Lately, I've been unable to see the direct links to the various pages of a thread from the topic lists. Since disabling that feature would _increase_ bandwidth use (I have to load the first page, then link to the one I want to read), it seems unlikely that it is the boards. But it's happened on both my home computer and the ones at Uni. Am I going mad? (Whats the word for not seeing things that are really there? anti-hallucinations?)


----------



## Hatchling Dragon (May 8, 2002)

*I'm not alone!*

I'd only just noticed that myself tonight (or this morning?).  I'd thought mabye it was a new 'feature' of the *Story Hour* thread, as that was the only forum to show up that way, so far at least.

And I think it's still just a hallucination.  I believe it's not just 'seeing what isn't there', I think it's more a "You're not percieving reality as it is."   But of course, having no training in the Psycho-Babble field I can only go with how I 'see' the word.

Hatchling Dragon


----------



## reapersaurus (May 8, 2002)

I've seen the same problem today, and both at a machine at work AND at home.

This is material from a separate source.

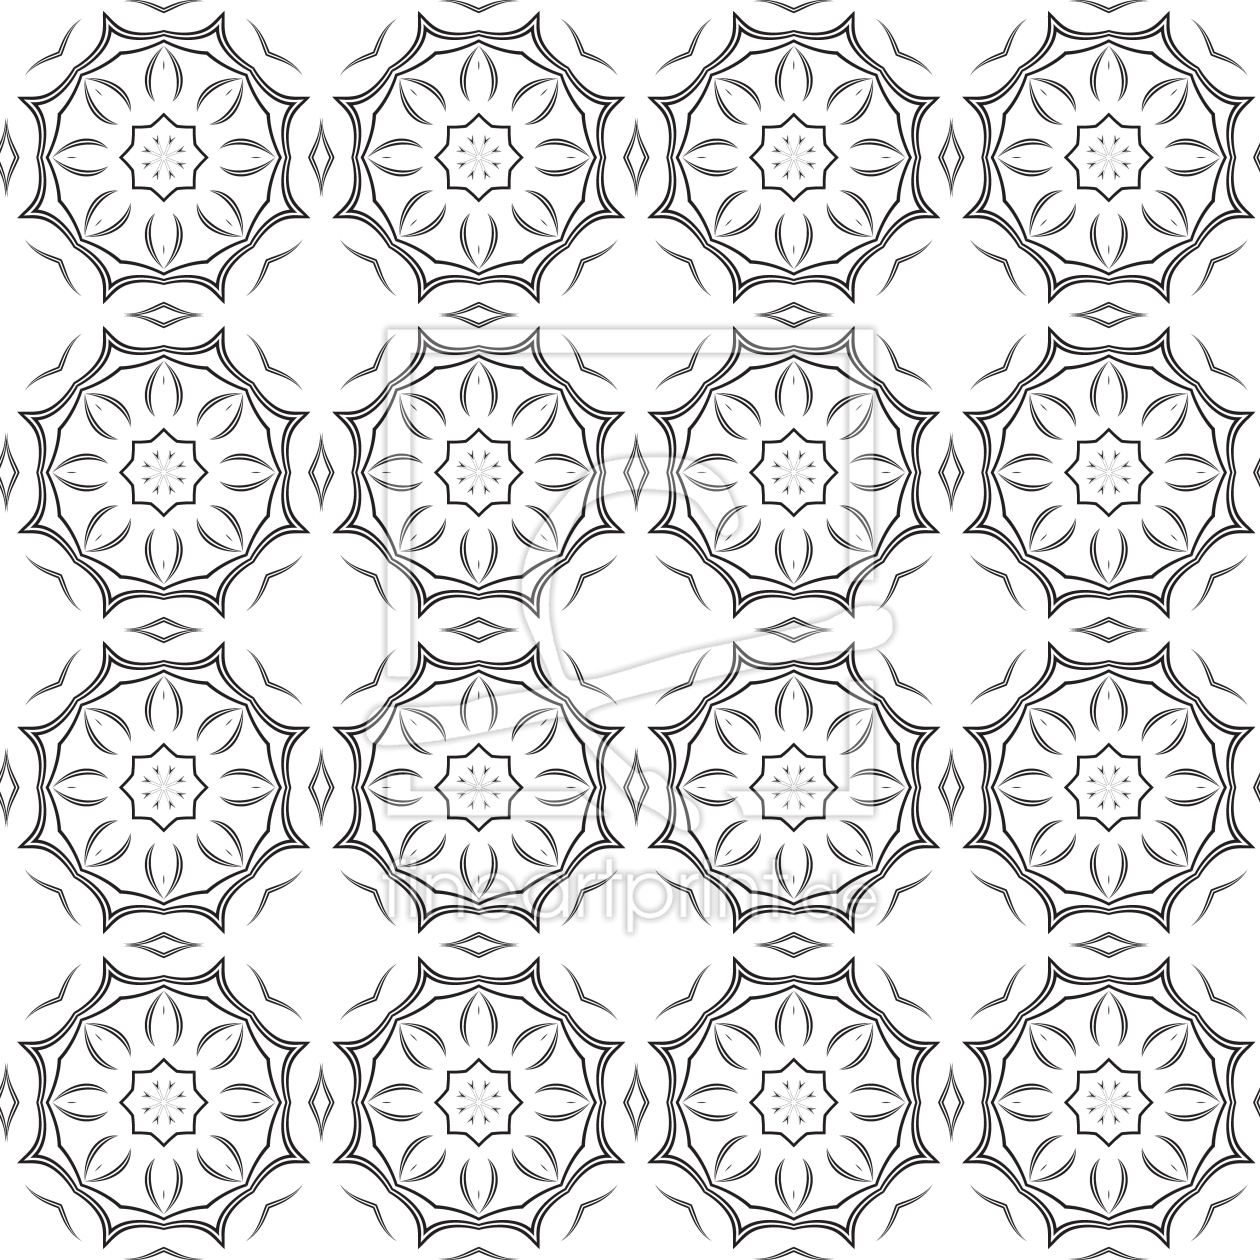 Bild-Nr.: 9007847 Verbundene Kreise erstellt von patterndesigns-com
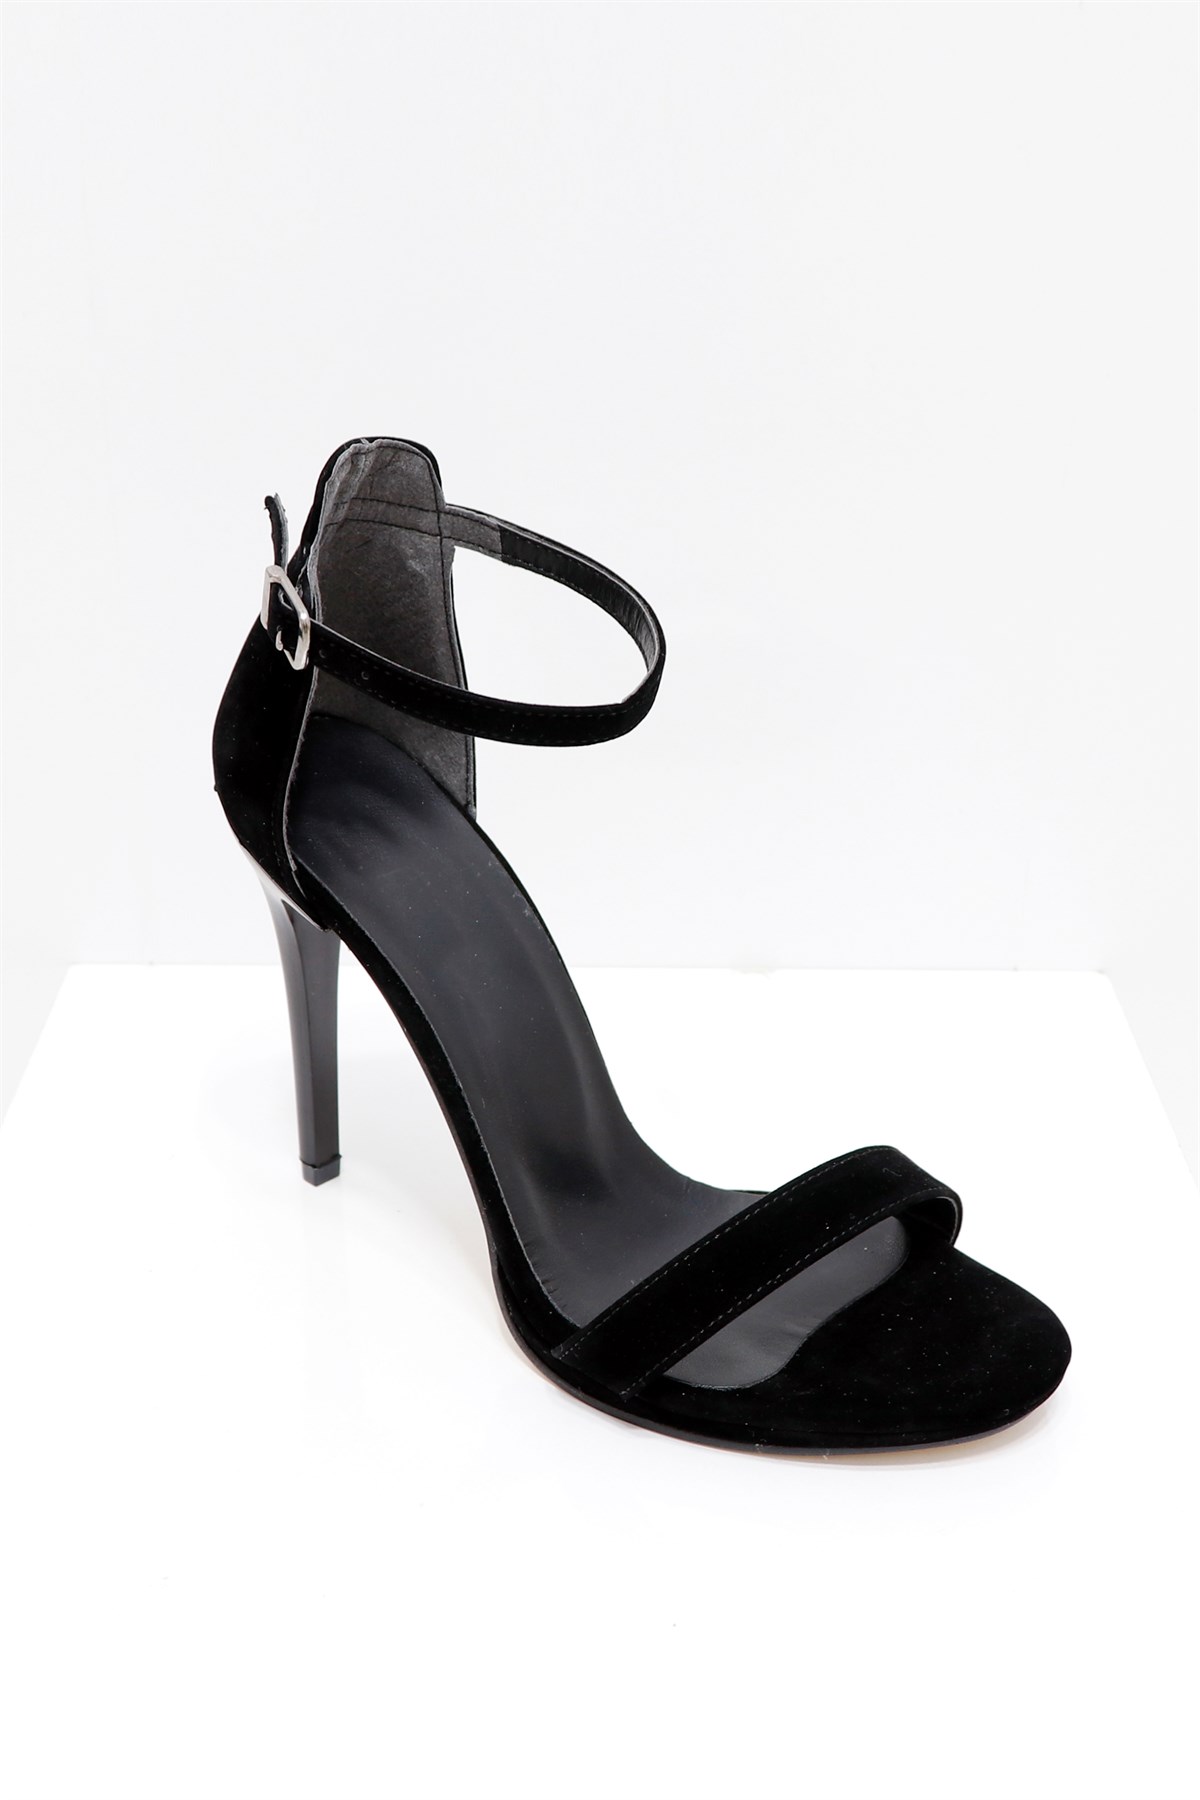 Siyah süet İnce Topuklu Tek Bant Sandalet 733 Fiyatı ve Modelleri

What the heck is up with that?

And unless I'm missing it, you don't get the helpers when you post anymore.
The things that easily put quote tage in aren't there anymore...


----------



## Morrus (May 8, 2002)

Odd... I'll check.


----------



## Plane Sailing (May 8, 2002)

I wondered if you had switched it off in order to reduce processing on the server - apparently not if you're going to look into it!

Cheers,


----------



## A2Z (May 8, 2002)

I've gotten the same thing. Weird, I just assumed Morrus had turned these things off to streamline the forums. Oh well. I can't wait till we get the upgrade and we can turn everything on.


----------



## Umbran (May 8, 2002)

I'll chime in that I too have seen this phenomenon.  The basic list of threads seems to be missing links to the latter pages of a thread.  Once you are in the thread, though, there are links. I don't find one extra click-and-load page to be too troublesome, so I don't mind it much.


----------



## orbitalfreak (May 8, 2002)

Just chiming in with another report:

The page numbers don't display for me either from the fourm's main page.


----------



## Schmoe (May 8, 2002)

Here here!  I first noticed the problem last night.  Checked again today, and I'm still not seeing numbered links for the pages of a thread on a forum's main page.  It's why I'm here, really...


----------



## Torque (May 9, 2002)

I'm having the same problem.  Also, similarly, it seems to have cut down the number of threads that are shown per page.  I checked my user cp, and it is still set to 40, but 20 are displayed at a time, which means that I have to go through multiple page loads to check everything that has shown up since the last time I've been online.


----------



## Piratecat (May 10, 2002)

I fixed the page numbers. The thread-per-page is down on purpose; it really reduces server load.


----------